Time preference (timepref)

Table of contents

Overview

The timepref parameter represents the rate of time preference (or discount rate) for households in each region. This fundamental parameter determines how households value future consumption relative to current consumption and plays a central role in the consumption-saving decision.

Parameter

timepref

SYM Declaration:

parameter timepref(regions)    'time preference rate'

Definition: The pure rate of time preference for households. This parameter represents the rate at which households discount future utility relative to current utility, independent of any changes in consumption levels.

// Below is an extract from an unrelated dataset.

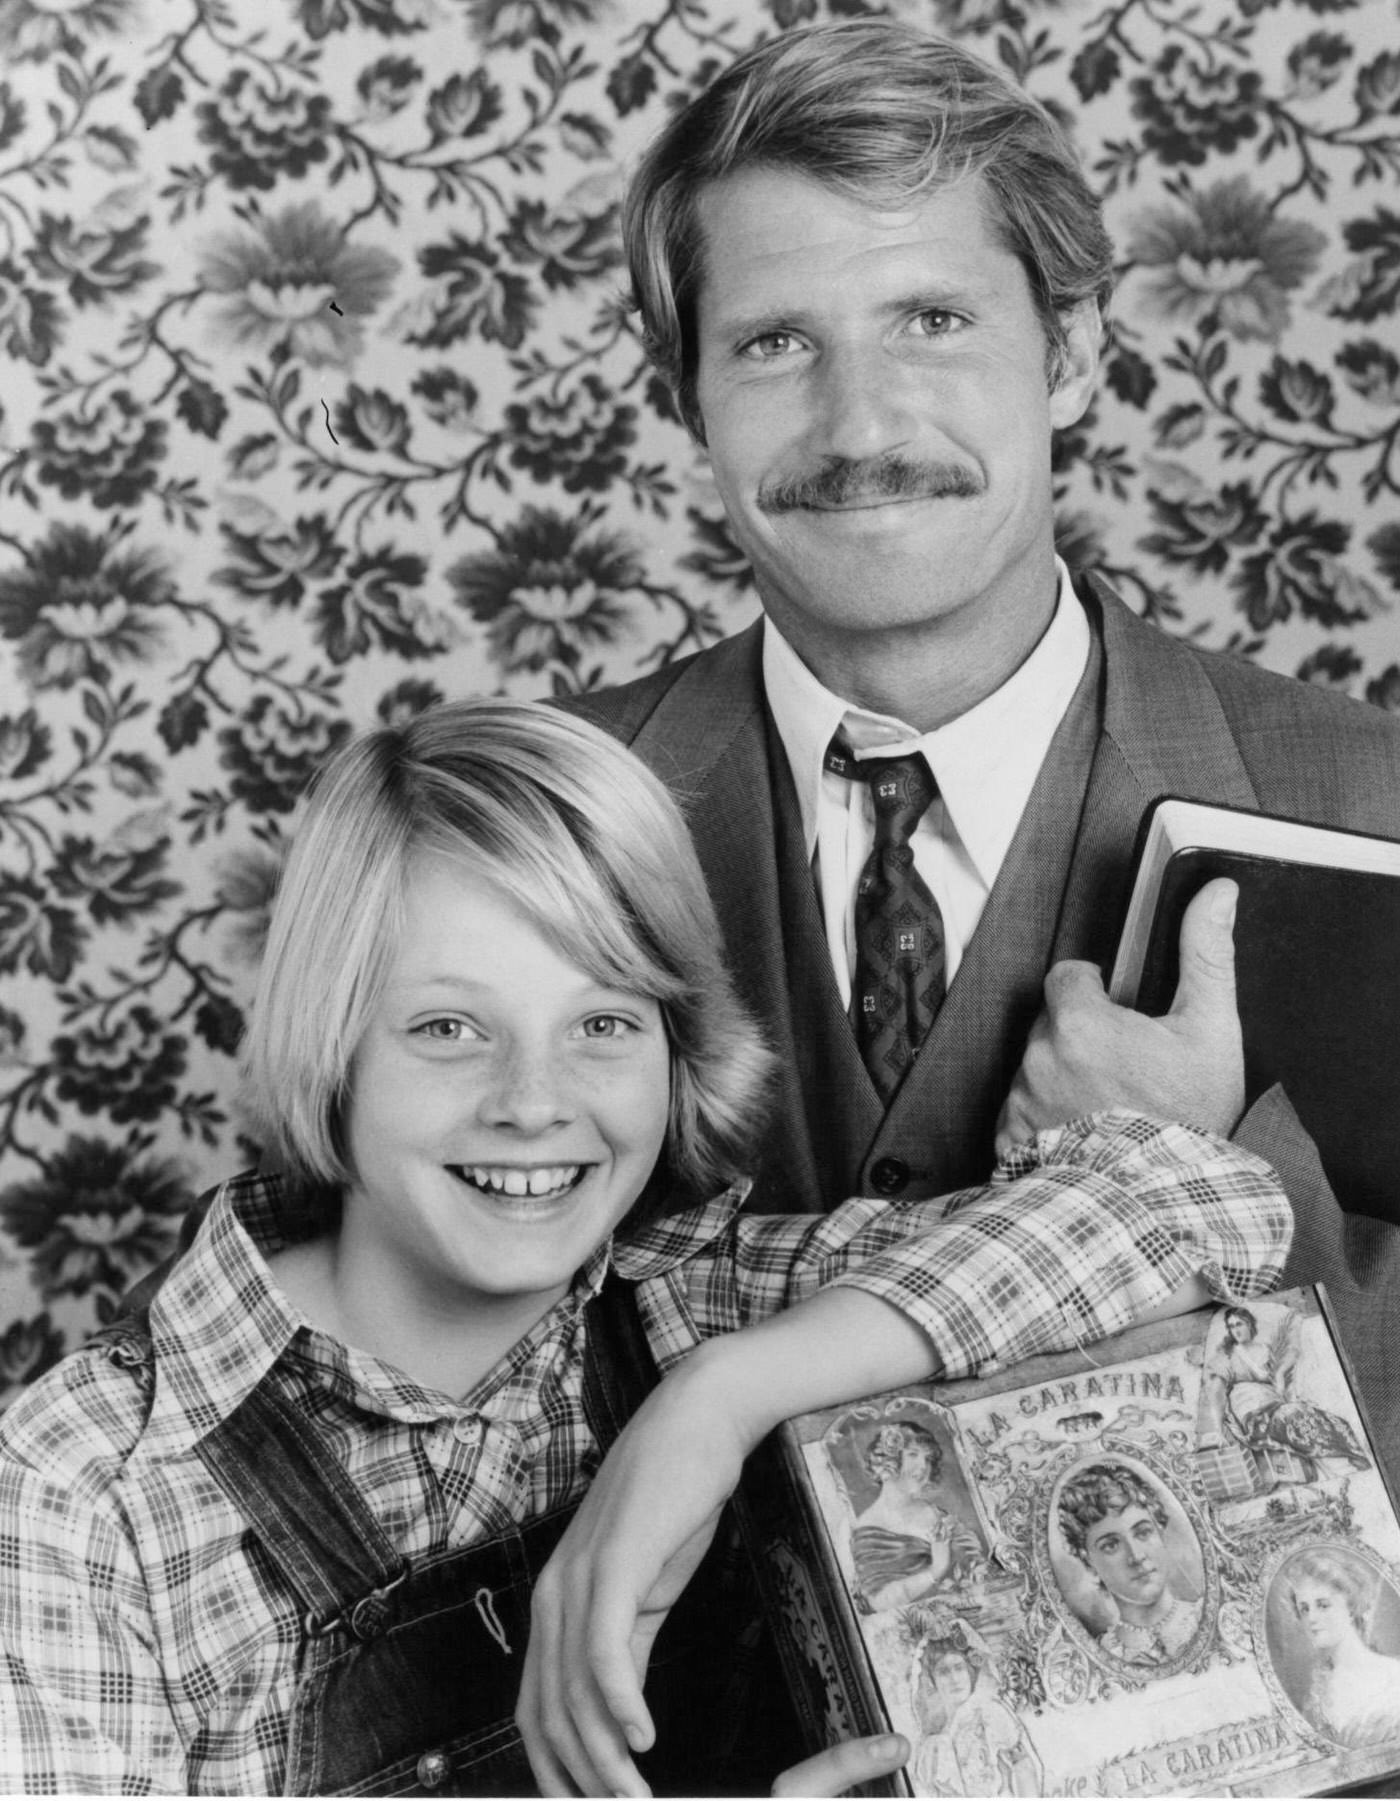 Jodie Foster and Christopher Connelly publicity portrait for 'Paper Moon', 1974.
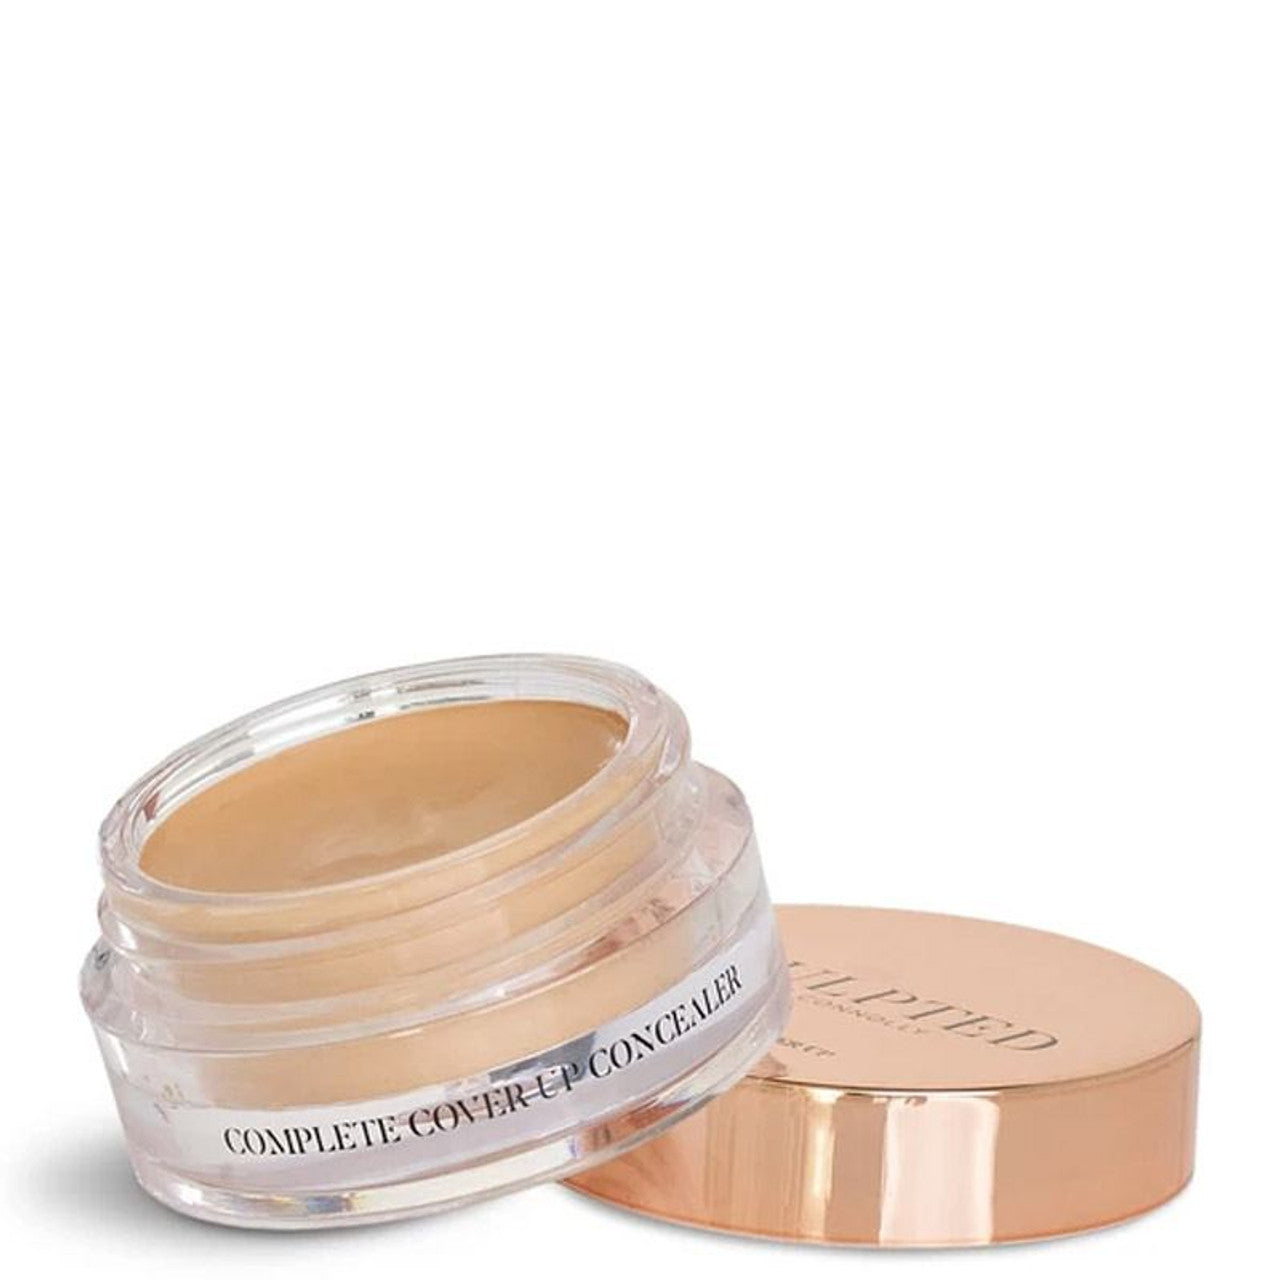 Sculpted by Aimee - Complete Cover Up Concealer - Medium 4.0

Calibration: Set from the model configuration file:

def set_timepref_parameters(self):
    """
    timepref - time preference rate for each region.
    """
    timepref: pd.DataFrame = pd.DataFrame(
        self.configuration.rate_of_time_preference,
        index=["timepref"],
        columns=self.sym_data.regions_members,
    )
    self.insert_parameter("timepref", timepref)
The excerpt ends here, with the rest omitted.